If the company can work through these challenges, chances are the stock will continue its relentless climb higher.

Wall Street is still bullish on Supermicro

In the light of these dark clouds, you might think that Wall Street would be abandoning Supermicro en masse — but that’s simply not the case. Of the 17 analysts who covered the stock in September, seven rate the stock a buy or strong buy, and none recommend selling. Furthermore, an average price target of roughly $77 suggests there’s still upside potential of 62% compared to Supermicro’s closing price on Friday.

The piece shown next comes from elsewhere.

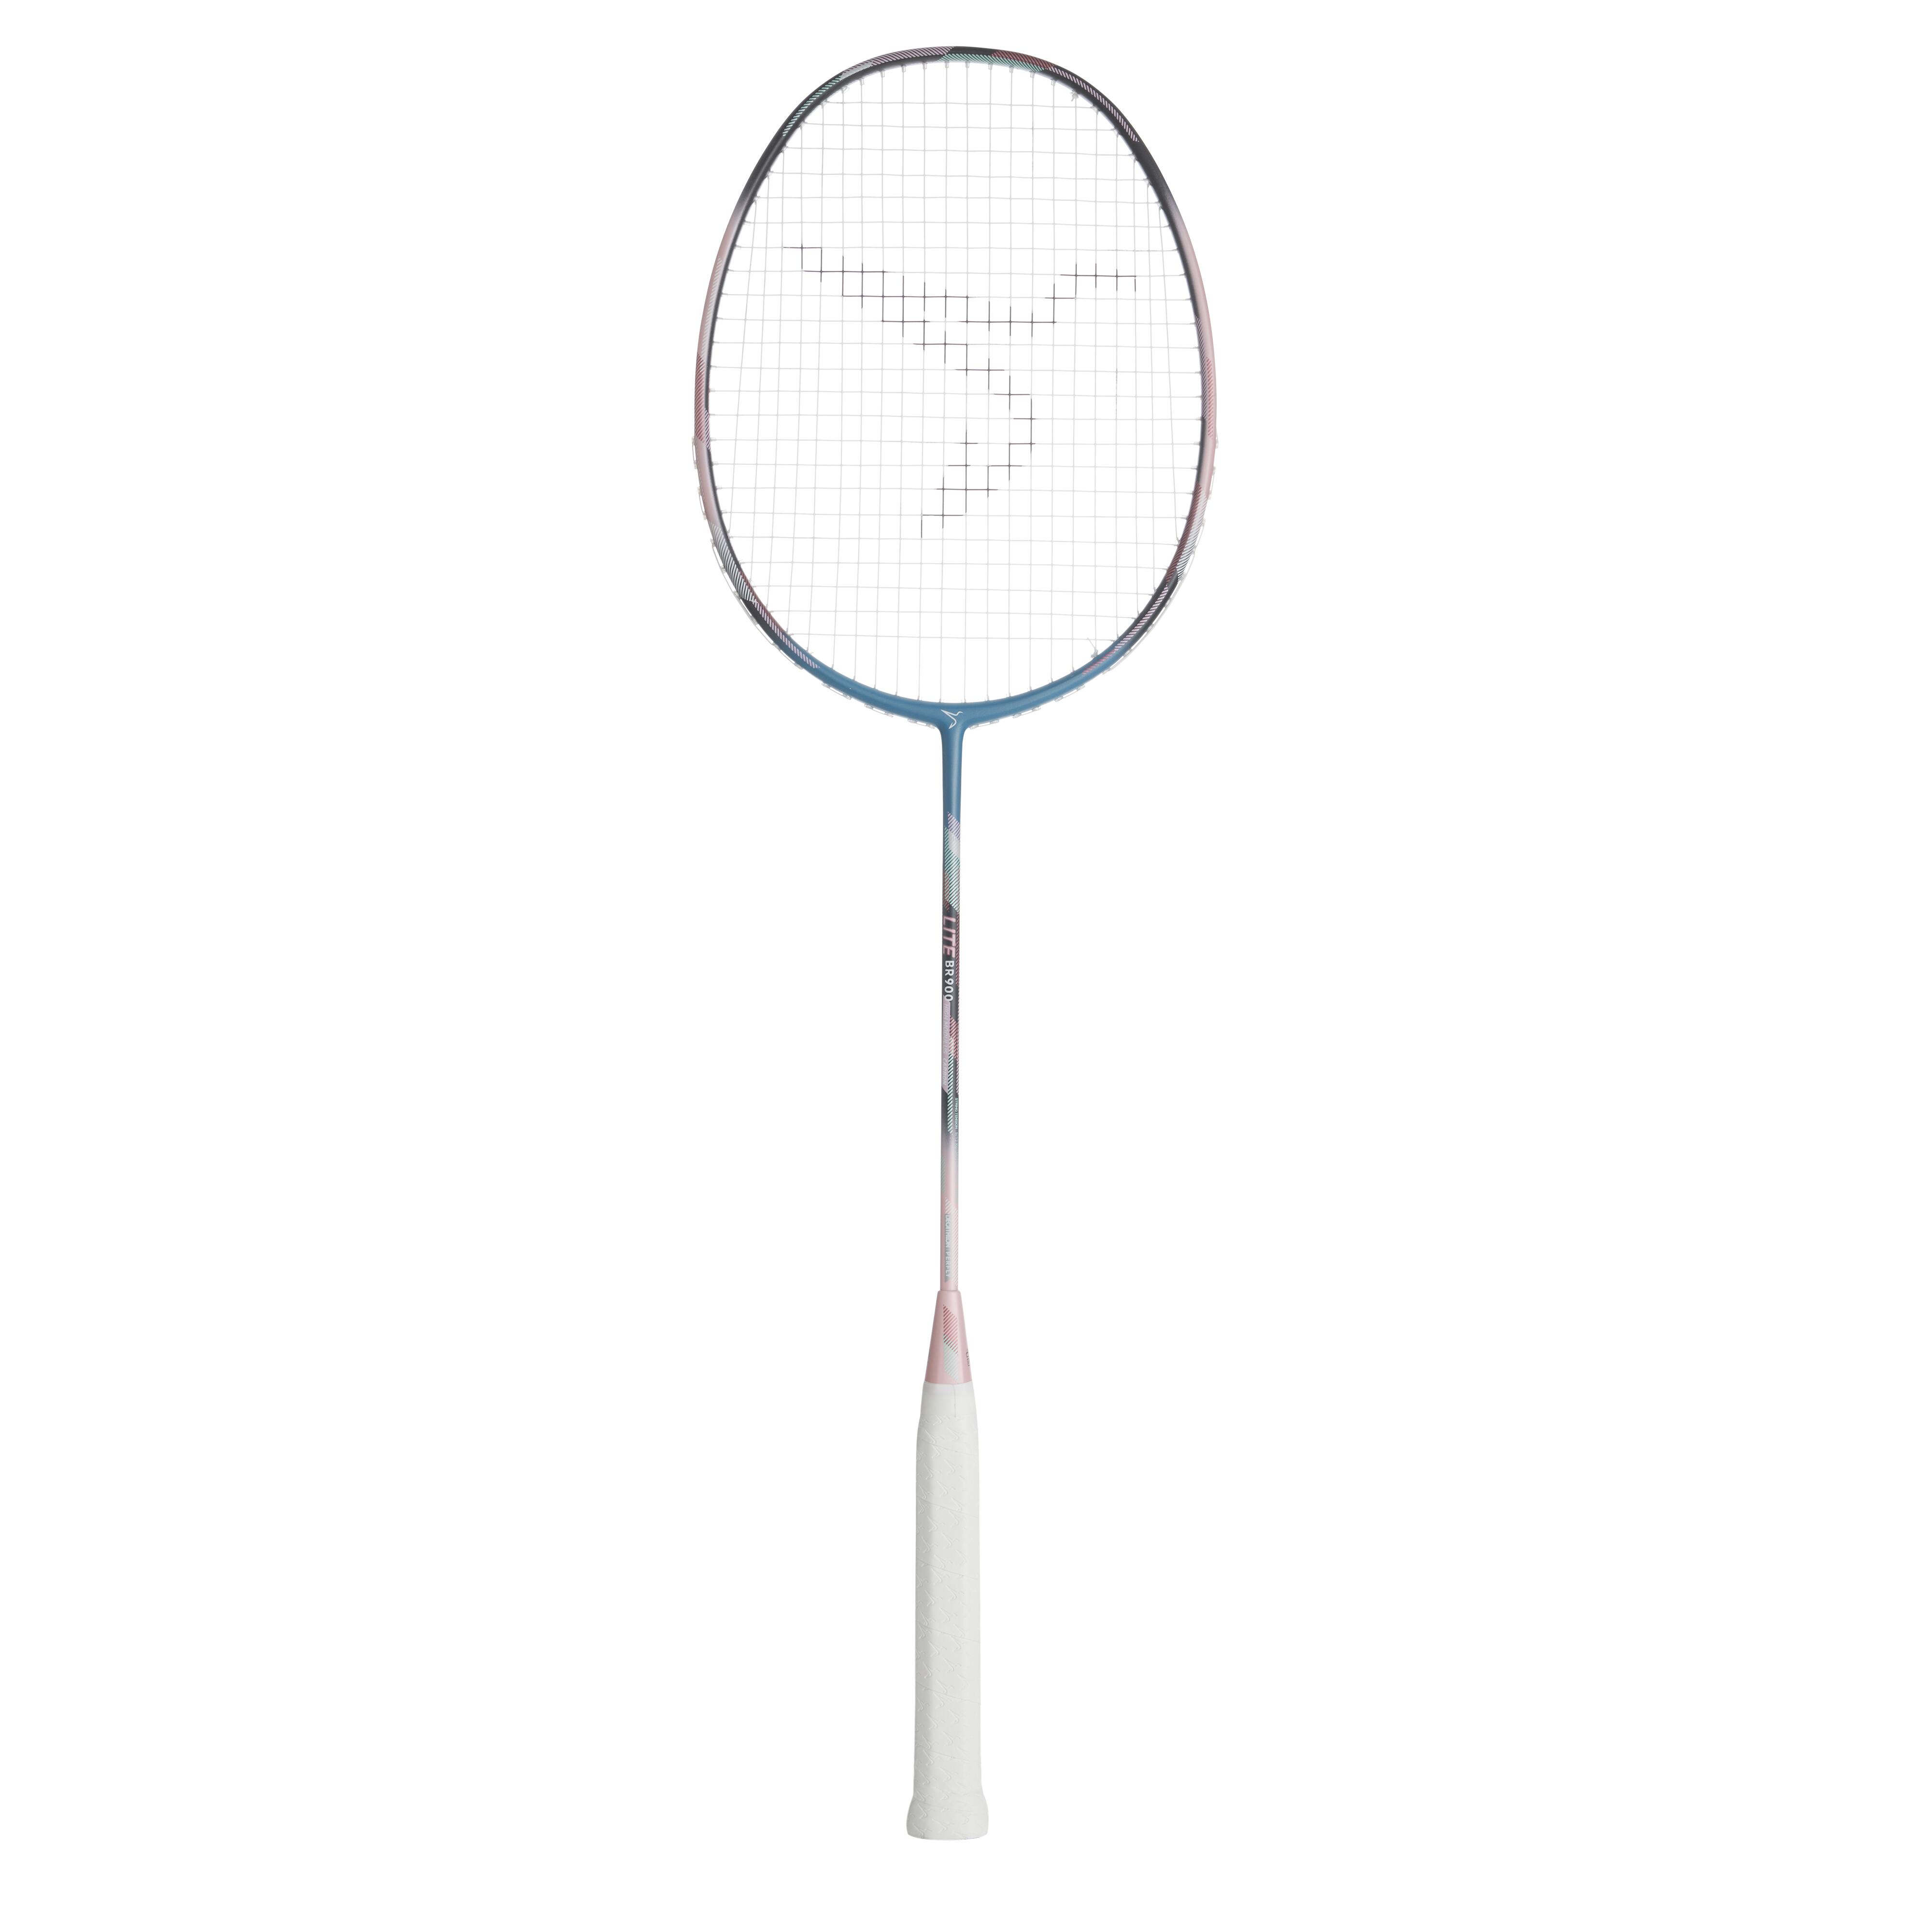 Skipping rope + Badminton shuttlecock / decathlon (perfly) - Sports  Equipment - 1707320175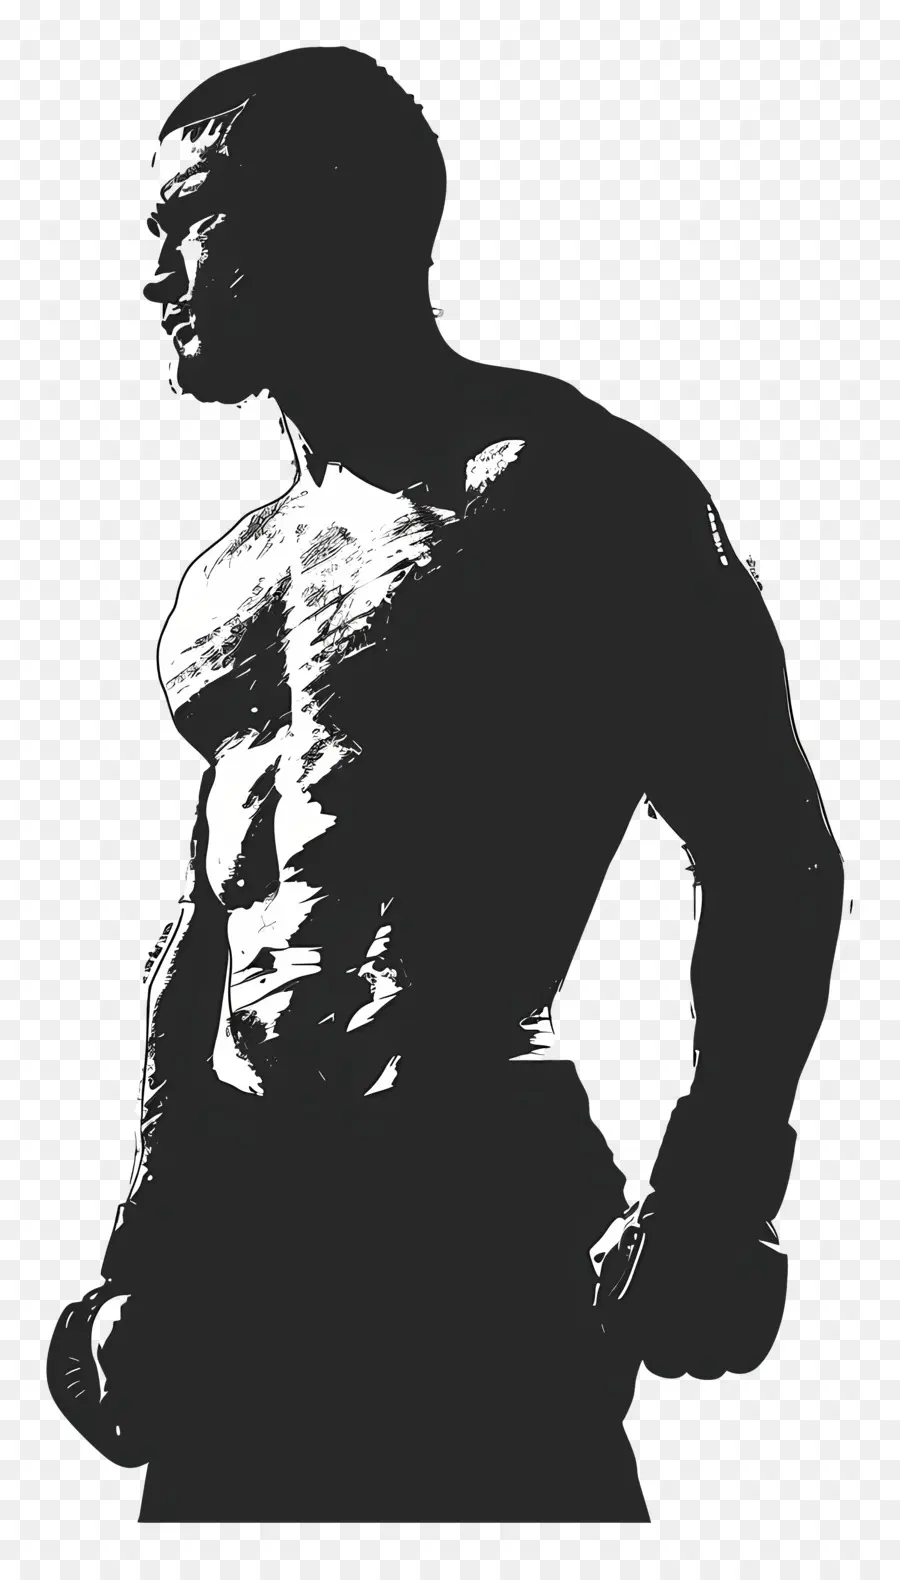 UFC Man Silhouette maschile maschile a maglietta nera silhouette - Silhouette of Man in Black Outfit

Loop Capital analyst Ananda Baruah remains the biggest Supermicro bull on Wall Street, with a buy rating and a Street-high, split-adjusted price target of $100. That suggests potential gains for investors of 111% compared to Monday’s closing price. The analyst believes Supermicro’s leadership was likely already aware of the DOJ probe and is cooperating with regulators. Baruah went on to say the company could more than double its revenue run rate to $40 billion over the next couple of years, which should fuel an increase in its stock price.

For those willing to take on some additional risk, Supermicro offers a persuasive value proposition. It’s currently selling for 23 times earnings and less than 2 times sales — the very definition of an underpriced stock.

Supermicro’s industry-leading position, secular tailwinds, and attractive price combine to represent a compelling opportunity for savvy investors.